Curation SCA1 ATXN1

A seven-generation autosomal dominant SCA kindred included 41 affected individuals, with 26 examined neurologically and 15 identified from medical records or family history; this is pre-ATXN1-repeat, chromosome 6p/HLA-linked SCA1-region evidence rather than repeat-specific genotyping.
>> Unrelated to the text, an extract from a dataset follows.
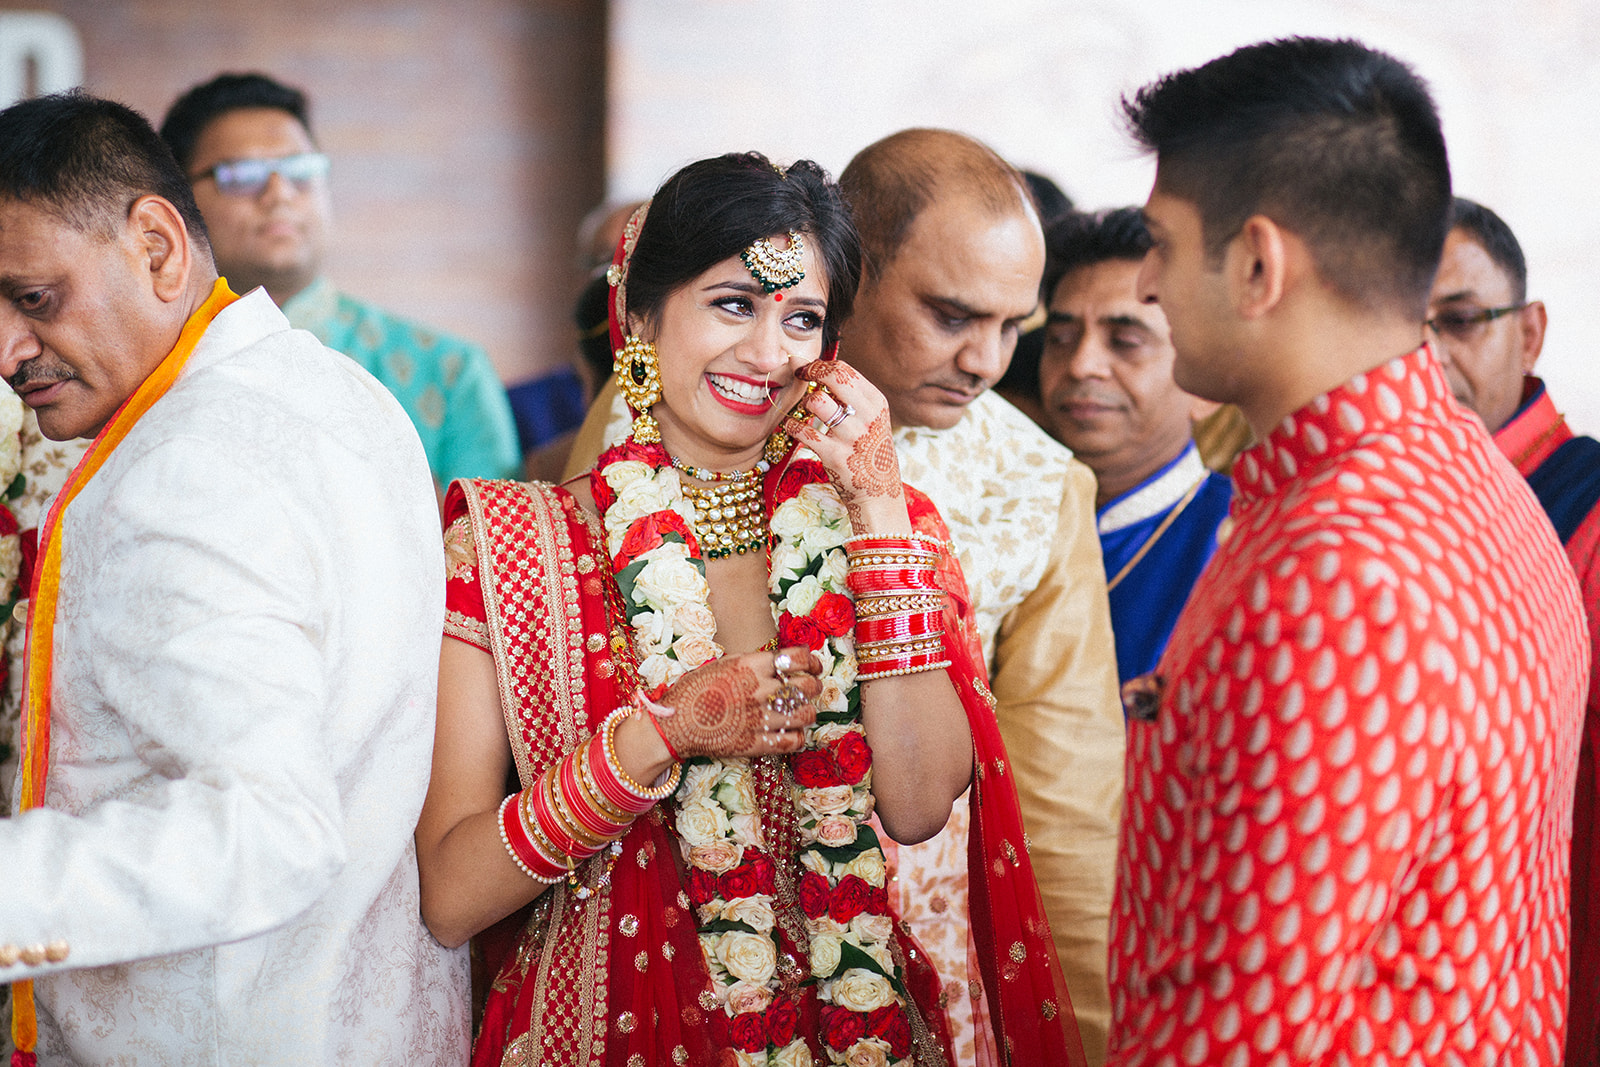 Le Cape Weddings - Vidai - Rimi and Rohun -18.jpg

Population genotyping of polyglutamine disease genes defined ATXN1 intermediate alleles as 36-38 CAG repeats and pathological alleles as 39-91 CAG repeats; among 13,668 long ATXN1 alleles, 636 were intermediate and 9 were in the pathological range (39-44), but CAT interruptions were not assessed.

In the same seven-generation kindred, linkage analysis of a 93-member pedigree showed strong linkage of the SCA1-region disease locus to HLA loci, with maximum LOD score 5.83 at recombination fraction 0.12; this supports segregation of the linked region, not direct repeat-level segregation.

These studies compare genetically confirmed SCA1 individuals with controls for balance, neuropsychological features, or longitudinal biomarkers, supporting the clinical phenotype and biomarker profile of genetically confirmed SCA1. While, these studies are not ideal case-control designs, collectively, they are supportive.

PMID 8358429 identified the disease-associated ATXN1-region CAG repeat within a transcribed sequence and showed the repeat is present in a ~10 kb mRNA expressed in multiple tissues, including brain and skeletal muscle; this is locus-level transcript evidence rather than direct biochemical function.

In symptomatic B05 SCA1 mice expressing polyglutamine-expanded human ATXN1, AAV-delivered human ATXN1L alone or combined with miS1 targeting mutant ATXN1 improved rotarod motor phenotypes and partially normalized disease-associated cerebellar gene-expression changes.